La rencontre historique – Jean-Marie Audrain

Voici une narration tout à fait historique sans aucun rapport avec l’actualité politique. Pour ne froisser personne, les noms propres ont été omis, la date non stipulée et les mouvements politiques réduits à leur appellation générique.

 Les lieux cités demeurent identiques.

Cette narration devrait satisfaire les journalistes, les historiens,  les polémistes et les Devossiens.

Elle pourrait tout autant contenter les soixante-huitards, les banlieusards, les Parisiens et les amateurs de bals costumés

Je ne sais pas si vous avez remarqué comme il se passe des choses étonnantes ce mois-ci à Paris. Tenez, l’autre jour, j’ai assisté à une rencontre historique ; celle de deux manifestations qui marchaient en sens contraire, car leurs idées étaient contraires.

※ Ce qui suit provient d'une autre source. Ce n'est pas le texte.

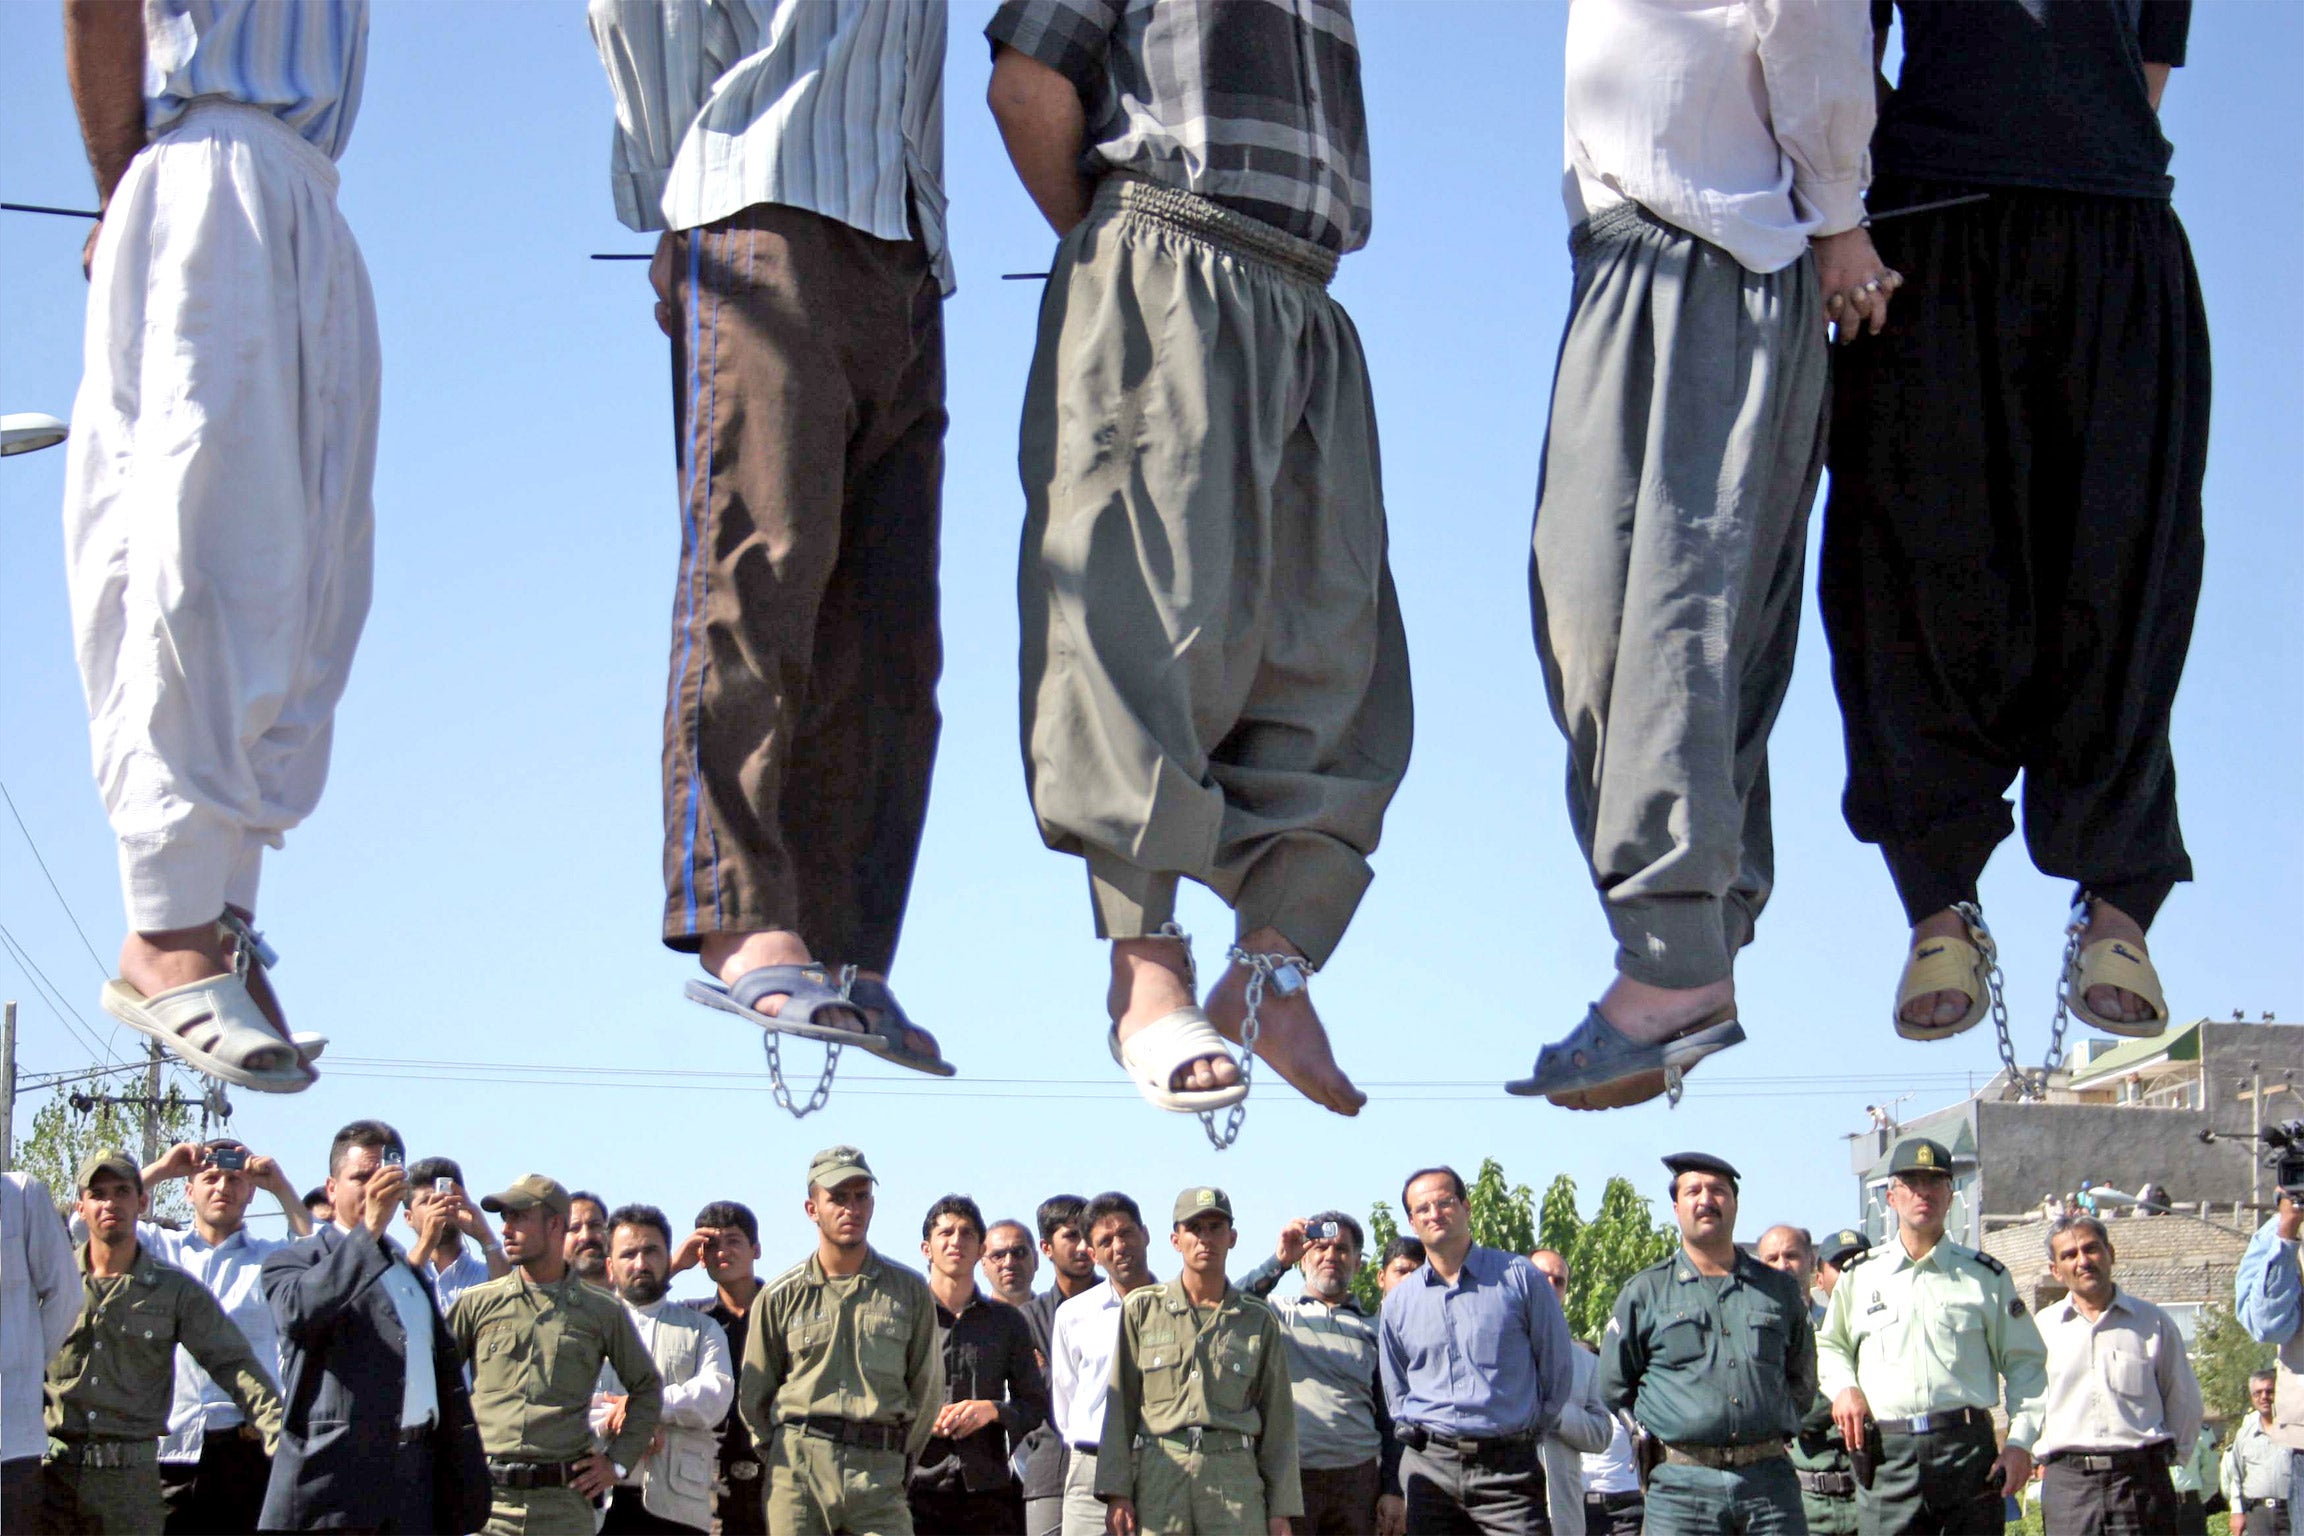 A public hanging north of Tehran, highlighting the lack of change in the Iranian government's approach to capital punishment.

D’un côté, les Royalistes, venant de la rue de Varennes, formaient un cortège qui avait quelque chose de funèbre. De l’autre, les Républicains, qui arrivaient de la Bastille marchaient à présent sur la Petite Couronne.

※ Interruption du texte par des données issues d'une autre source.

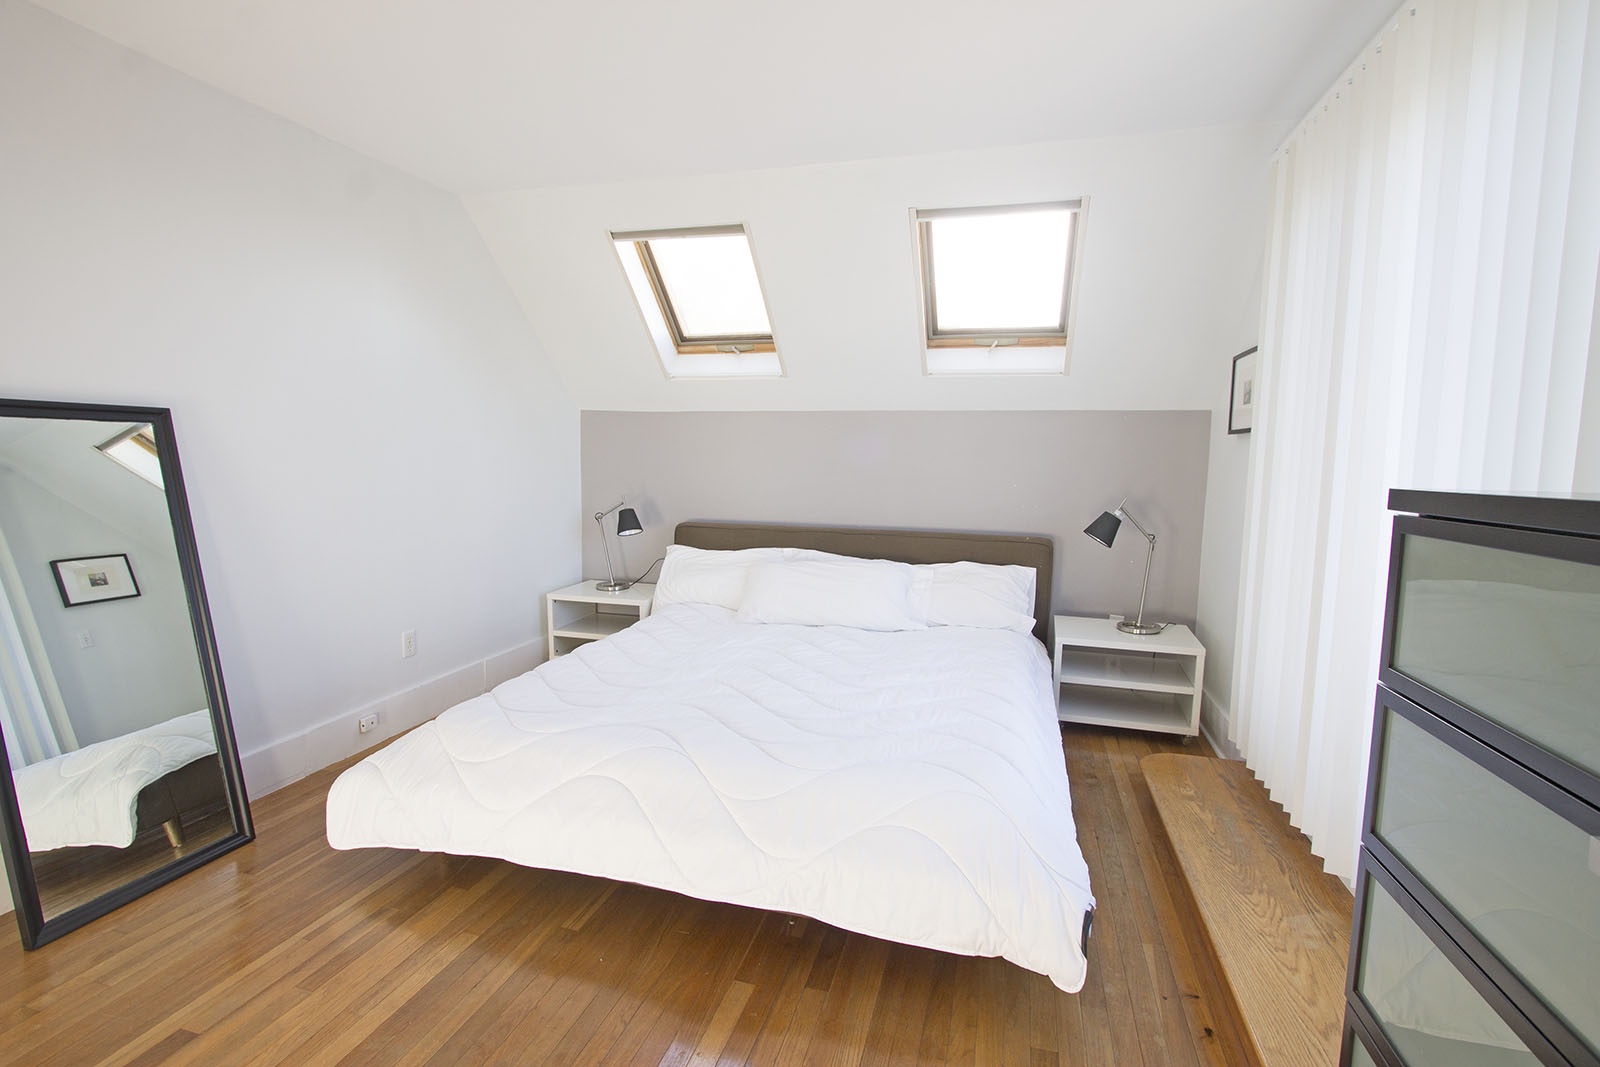 BR 1: Primary bedroom with skylights and sliders to a balcony.

Quand les deux têtes de file se sont trouvées nez à nez, j’ai bien cru qu’elles allaient se faire une grosse tête. Le Républicain hurlait rouge comme un coq  :”Vive la République”, et le Royaliste criait à tue-tête : Vive le Roi !

– Pour quel Roi braillez-vous donc comme ça ? demanda le Républicain, histoire de lui tenir tête? Le Royaliste répliqua aussitôt :

– N’essayez pas de vous payer ma tête et ne remuez pas la lame dans la plaie. Ignorez-vous que le Roi est mort?

– Excusez-moi, je ne savais même pas qu’il était malade. Mais alors, le Roi, ce n’est pas vous ?.

Le sang montait à la tête du Royaliste qui s’écrasa vu que le Républicain avait une tête de plus que lui :

– Ce n’est pas moi c’est Louis.

– Si ce Louis dort, pourquoi criez-vous comme ça ?

– Pour rallier le Tiers Etat.

– Mais l’Etat, c’est la République !

– L’Etat c’est Moi a dit P’tit Louis.

– Alors nous défilons pour la même chose.

Les criards finirent par s’entendre : il fallait manifester pour sauver l’Etat.

– Manifestons pour l’Etat ! s’écrièrent-ils comme un seul homme.

– Pour l’Etat Roi ! proclama le Royaliste.

– L’Etat Loi répliqua ! le Républicain

– État frère ! risqua une voix dans la foule.

– Et ta sœur ! lui renvoya le Républicain. Ce qui eut pour effet de mettre le Royaliste dans tous ses états. Devant cet état de fait, tous deux durent délibérer en tête à tête pour trancher. Pour quel Etat fallait-il manifester ?

Finalement, craignant que le Royaliste s’entête, le Républicain proposa de tourner autour de la place de la Concorde au nom de l’Etat tout court. Sitôt dit, sitôt fait, un unique cortège se forma.

– Prenez donc la tête, dit le Royaliste, laissant échapper les premiers mots qui lui passaient par la tête.

Dès le premier tour, la tête du Royaliste commençait à ballotter.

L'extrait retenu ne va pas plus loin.